MAIS QUE OUVIR: ESCUTAR
– REFLEXÕES SOBRE EDUCAÇÃO MÚSICAL NA PRIMEIRA INFÂNCIA –
Carolina Platero Martinelli, professora de música da Escola Primeira.
Formato: Comunicação Científica
Eixo temático: Arte-educação
Resumo
Por meio deste breve relato pretendo apresentar algumas ideias que
embasaram o trabalho educativo com as crianças da Escola Primeira no ano
letivo de 2013. Trago algumas reflexões que nortearam todo o projeto pedagógico
musical ao longo do ano. Pretendo falar da música como linguagem e como canal
de comunicação entre as crianças e das crianças com os adultos. Seu
aprendizado propicia o desenvolvimento expressivo e cognitivo de bebês e
crianças. Meu intuito é pensar acerca destas duas palavras tão caras ao ensino e
ao fazer musical: escuta e canto. Por meio delas, meu desejo é trabalhar o
aprendizado de uma audição inteligente e do desenvolvimento da fala, da voz
ativa e pensante de cada criança.
Palavras-chave:
Música, expressão, comunicação, escuta, infância e pensamento crítico.
Problema
Acredito que estamos vivendo uma época em que os sentidos são
constantemente “bombardeados” com estímulos sonoros e visuais.
Absolutamente imersos em um universo saturado de imagem e som, as crianças
do século XXI já nascem em meio à explosão viso-sonora oferecida pela
televisão, pelo cinema, pela propaganda, pelos computadores e jogos virtuais.
Grande parte das nossas crianças brasileiras que vivem nos grandes centros
urbanos habita um cotidiano repleto dos mais diferentes tipos de som e imagem.
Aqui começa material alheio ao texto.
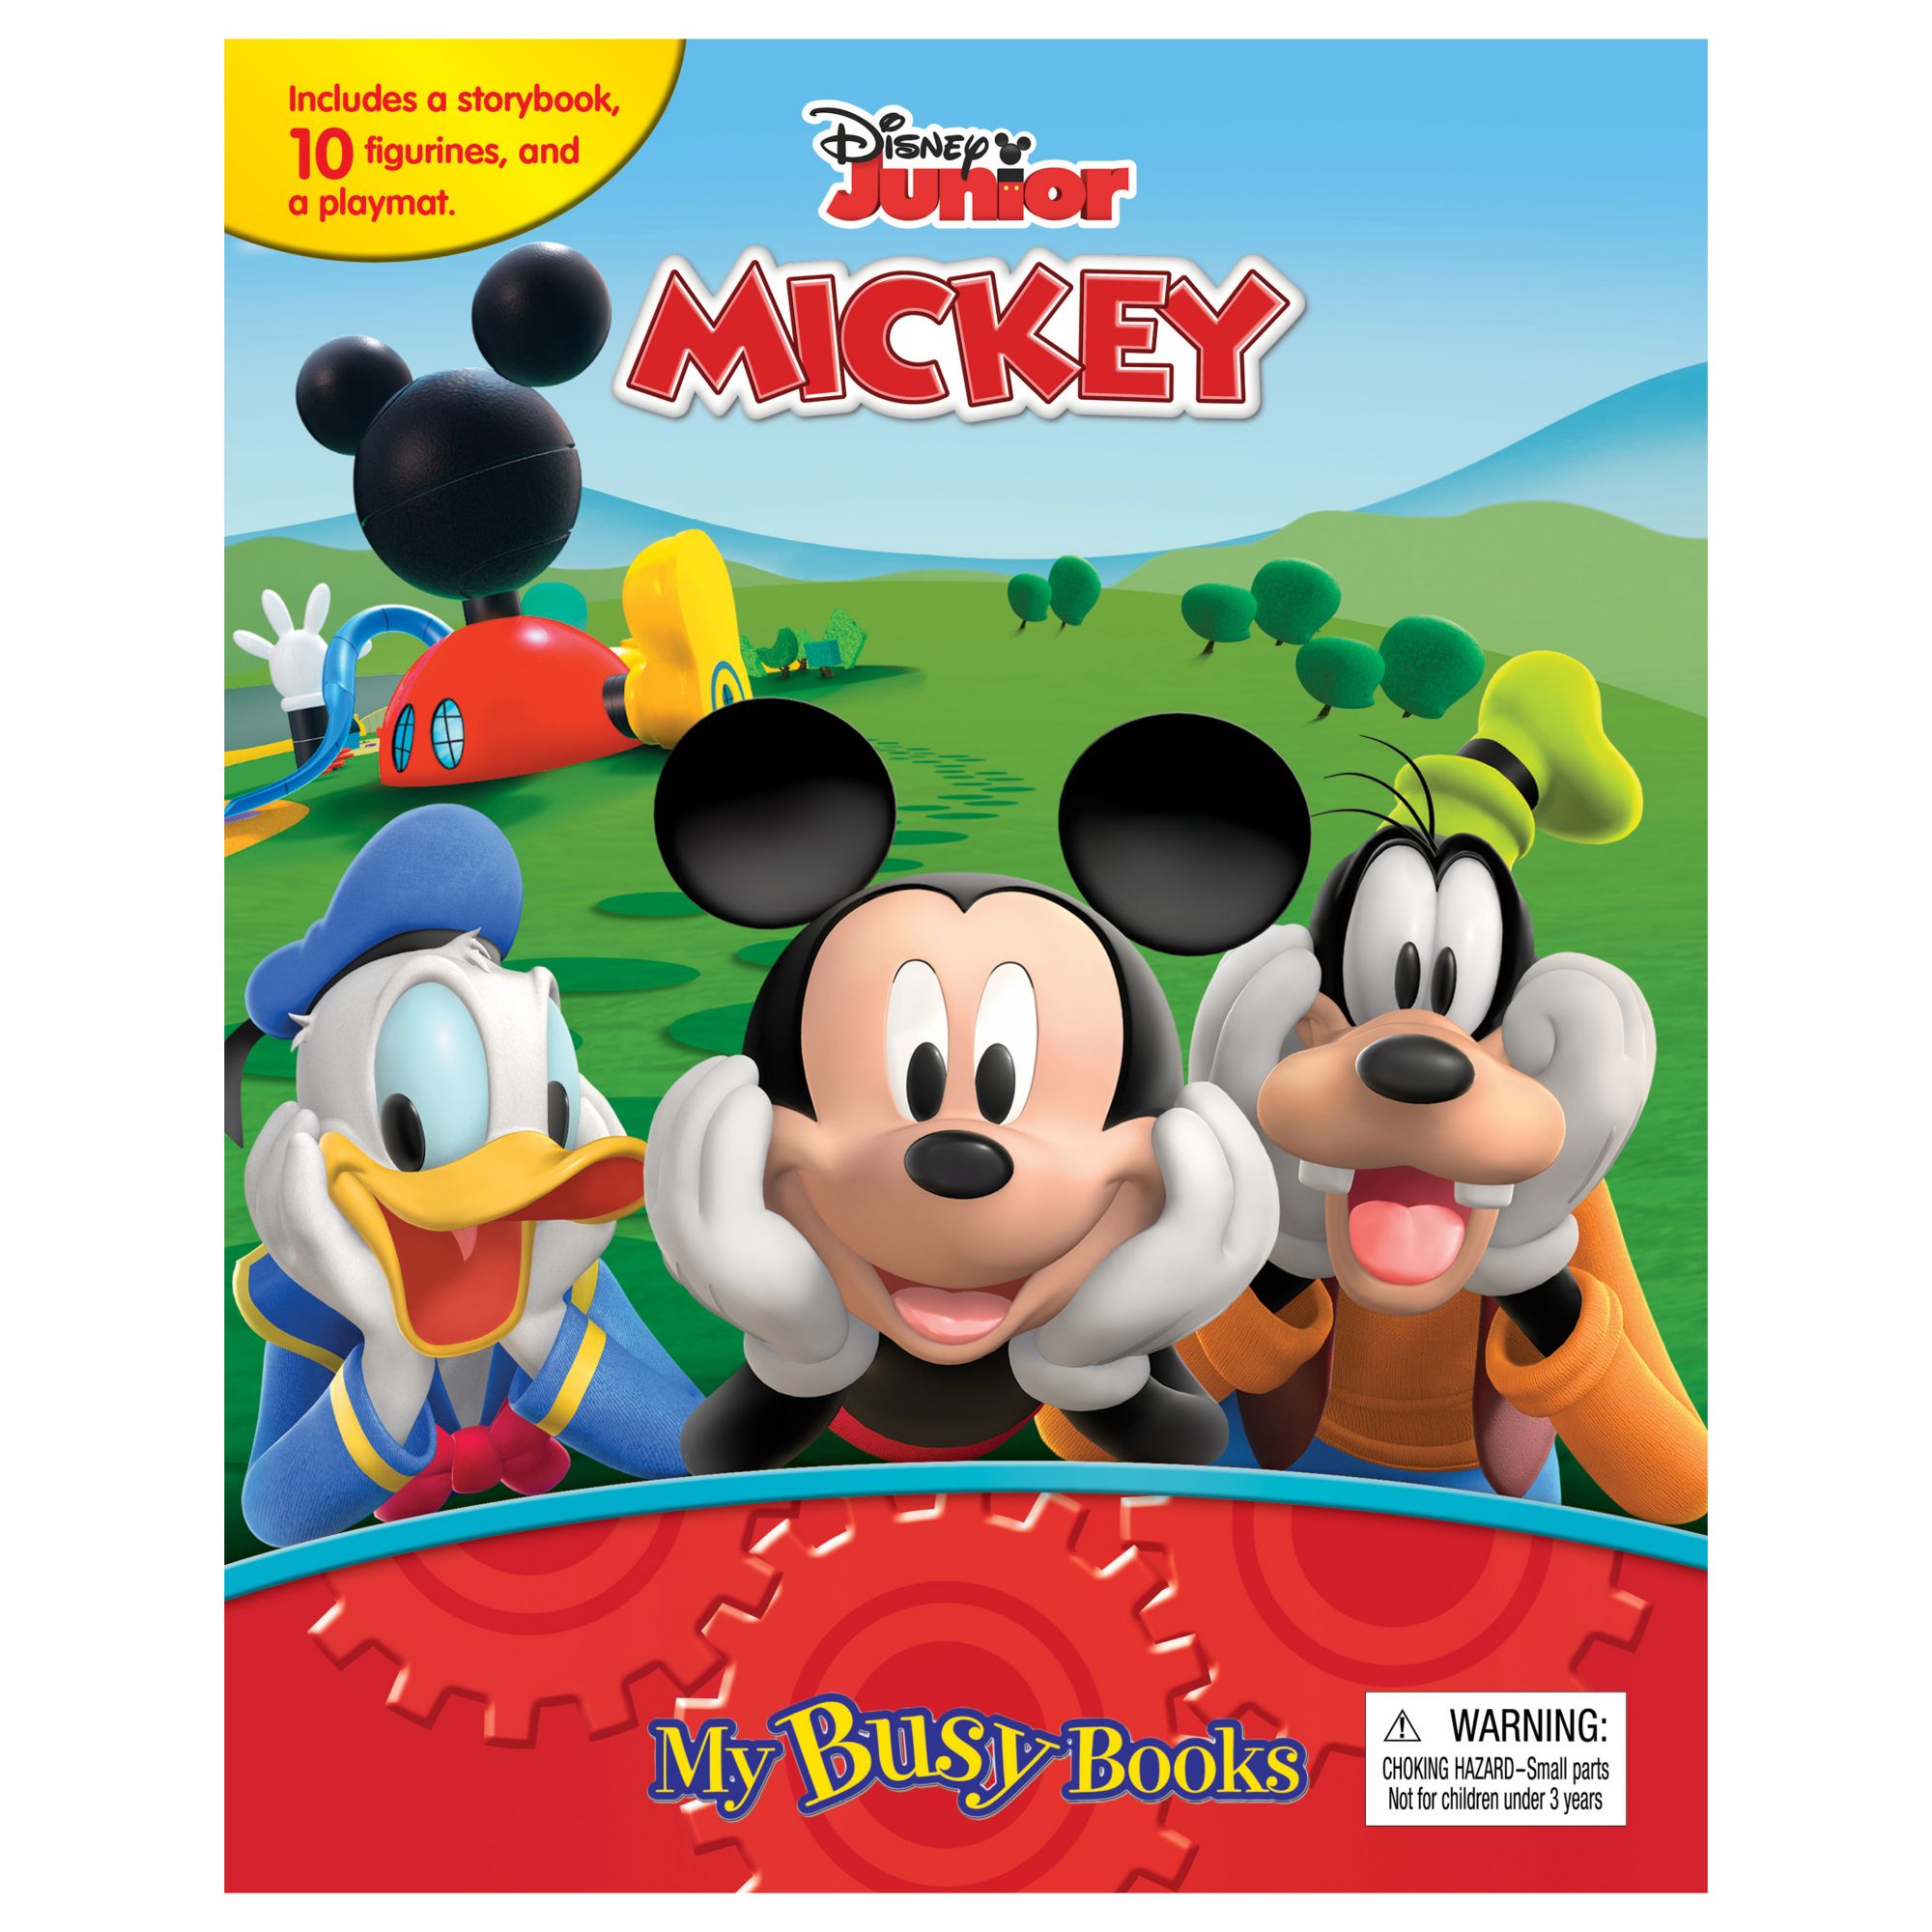 Enter Mickey Mouse's Funhouse with New Toys Based on the Disney
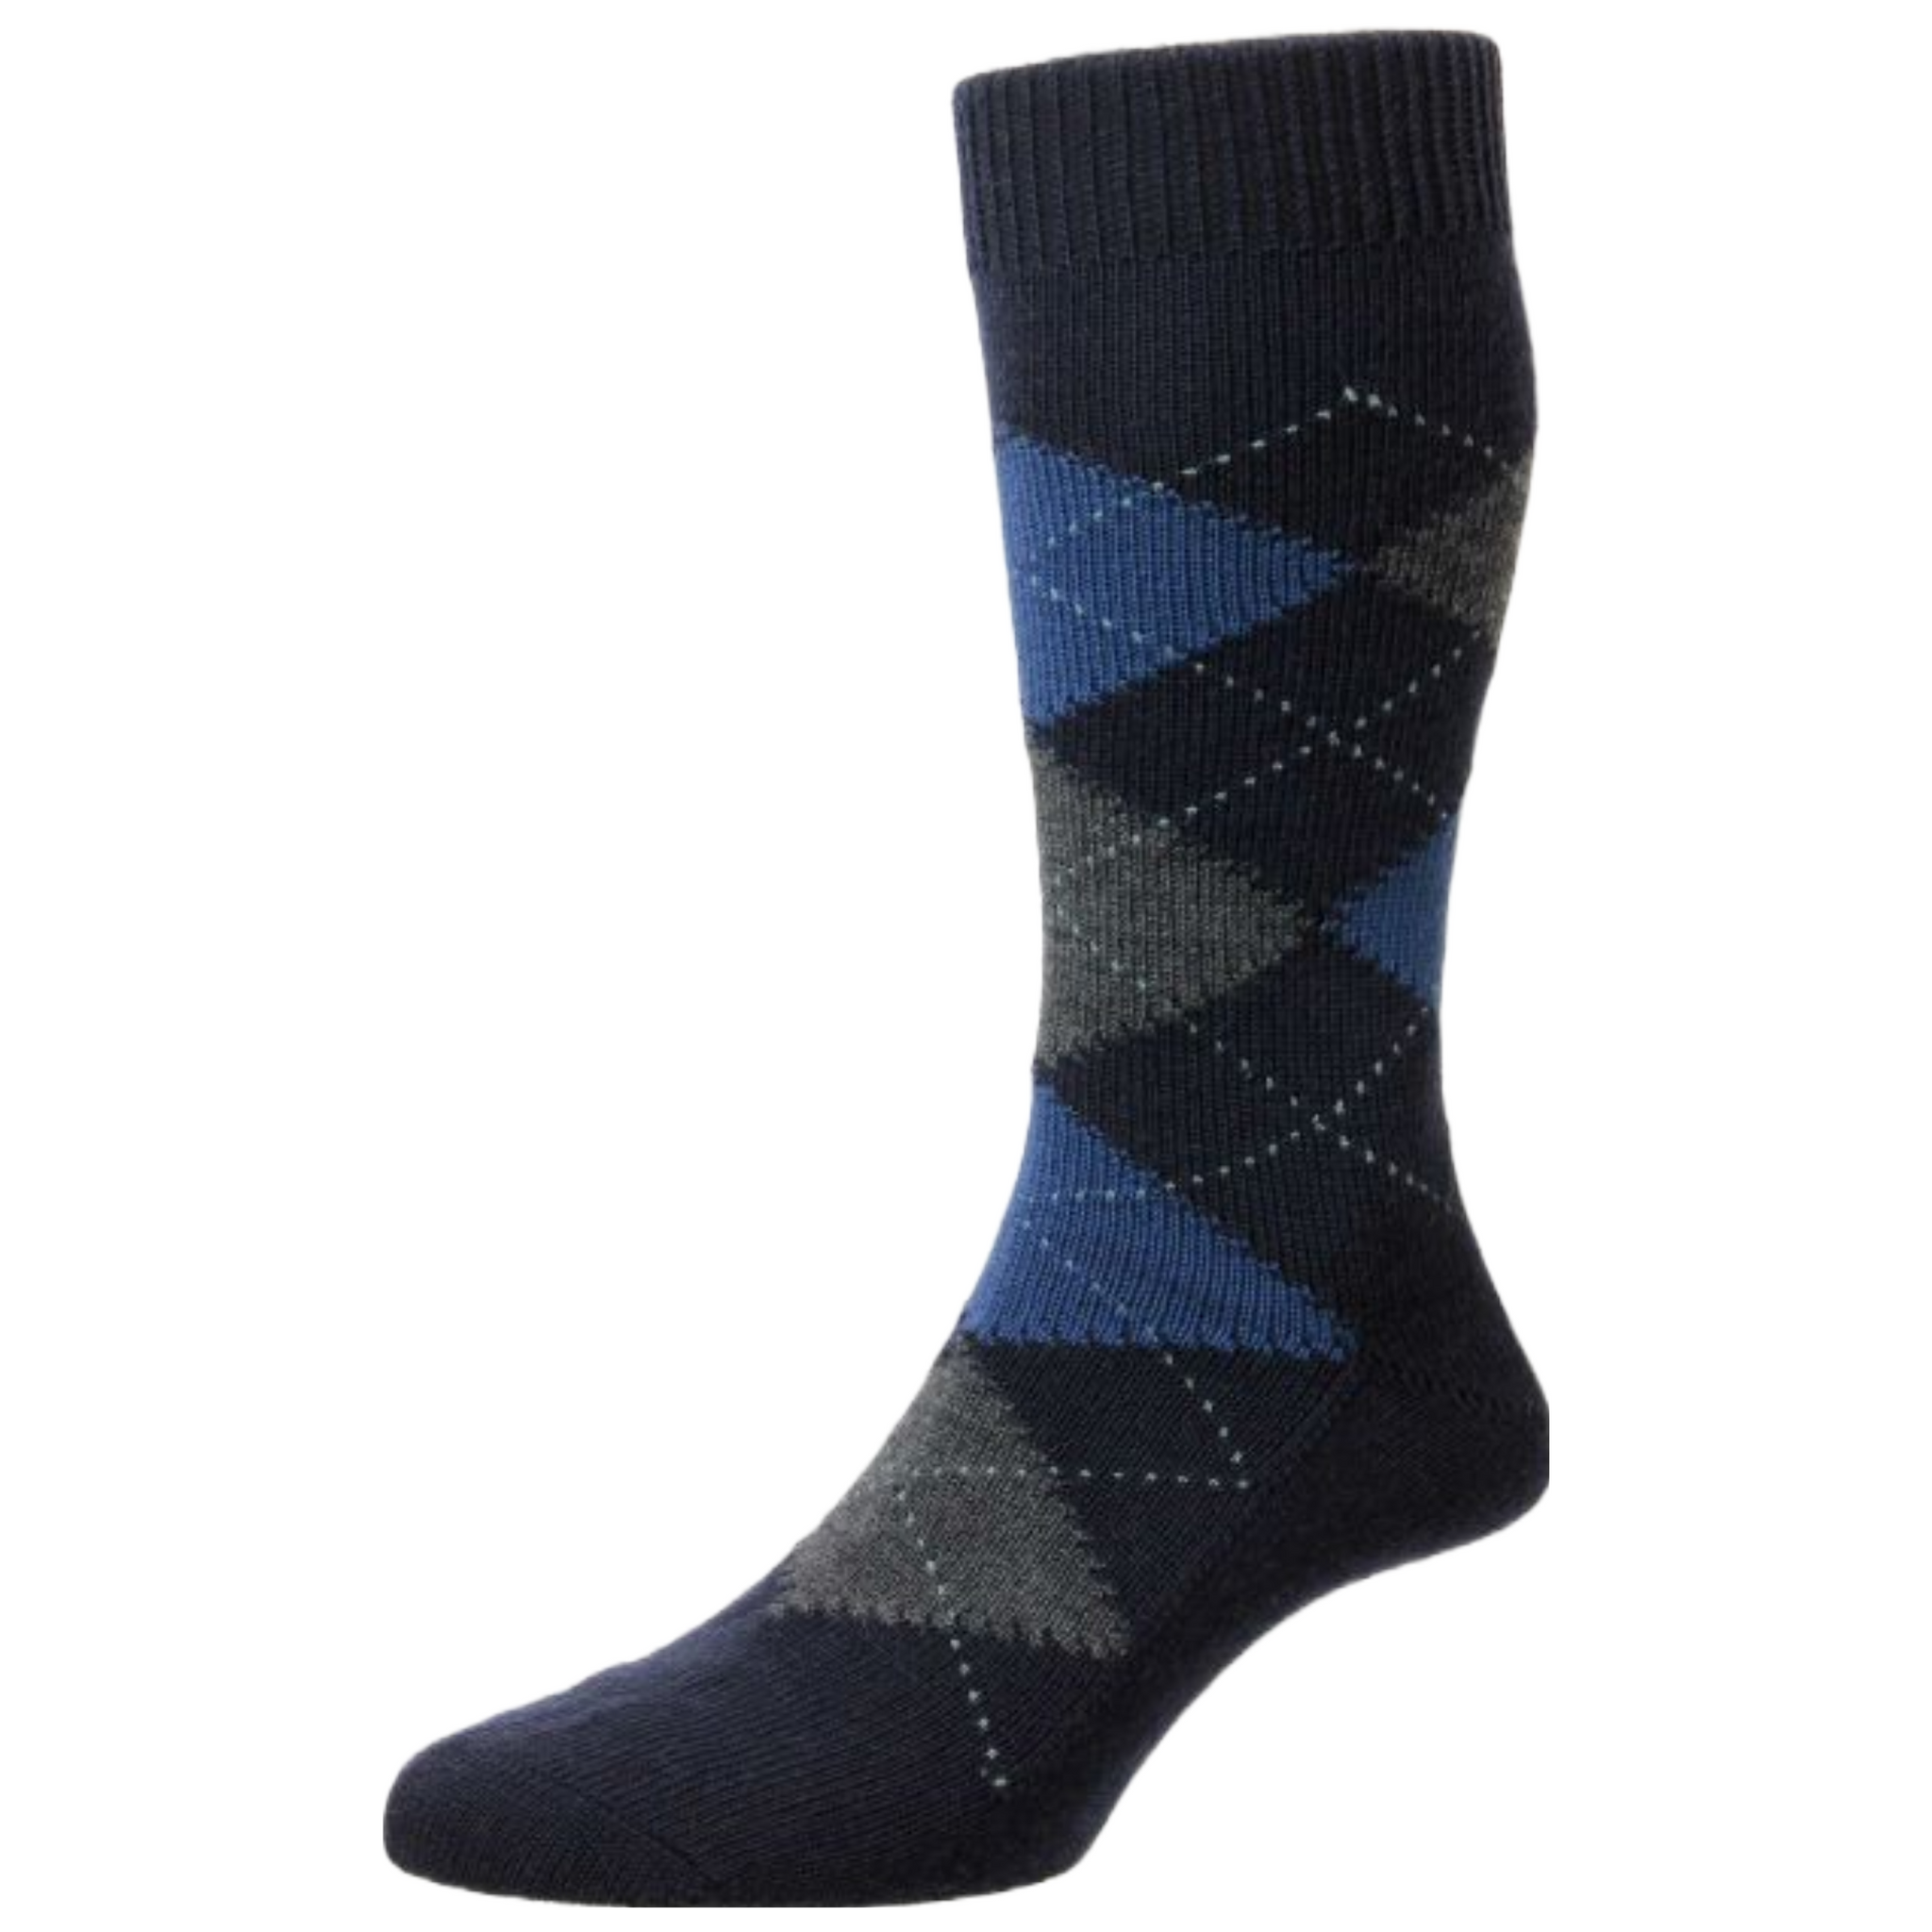 classic argyle pattern in navy.

O corpo das crianças está sendo formado neste contexto de hiperestimulação
sensorial, numa velocidade assombrosa. A sensação de falta de tempo e de
impaciência parece aumentar a cada dia, nas grandes cidades, chegando até as
próprias crianças. Vivemos uma espécie de aceleração interna, que faz com que
não consigamos nos debruçar sobre um assunto que demande um pouco mais de
tempo que um jogo eletrônico, ou um comando efetuado por computador.
Tamanha poluição sonora faz com que estejamos, na maioria das vezes,
acostumando nossos ouvidos ao ruído, quase que desaprendendo a ouvir para
que possamos nos manter vivos e lúcidos. Eis que, para a criança, chega o
momento de ir à escola, de aprender e de se lançar a novos estímulos. Mas, em
meio a esta realidade, qual seria o papel da educação estética? Como falar de
música em um mundo anestesiado pelo ruído?
Objetivos
Meus principais objetivos são:
I.
II.
III.
IV.
V.
VI.
Desenvolver um trabalho educativo que considere o ensino da música
enquanto linguagem, enquanto forma viva de comunicação.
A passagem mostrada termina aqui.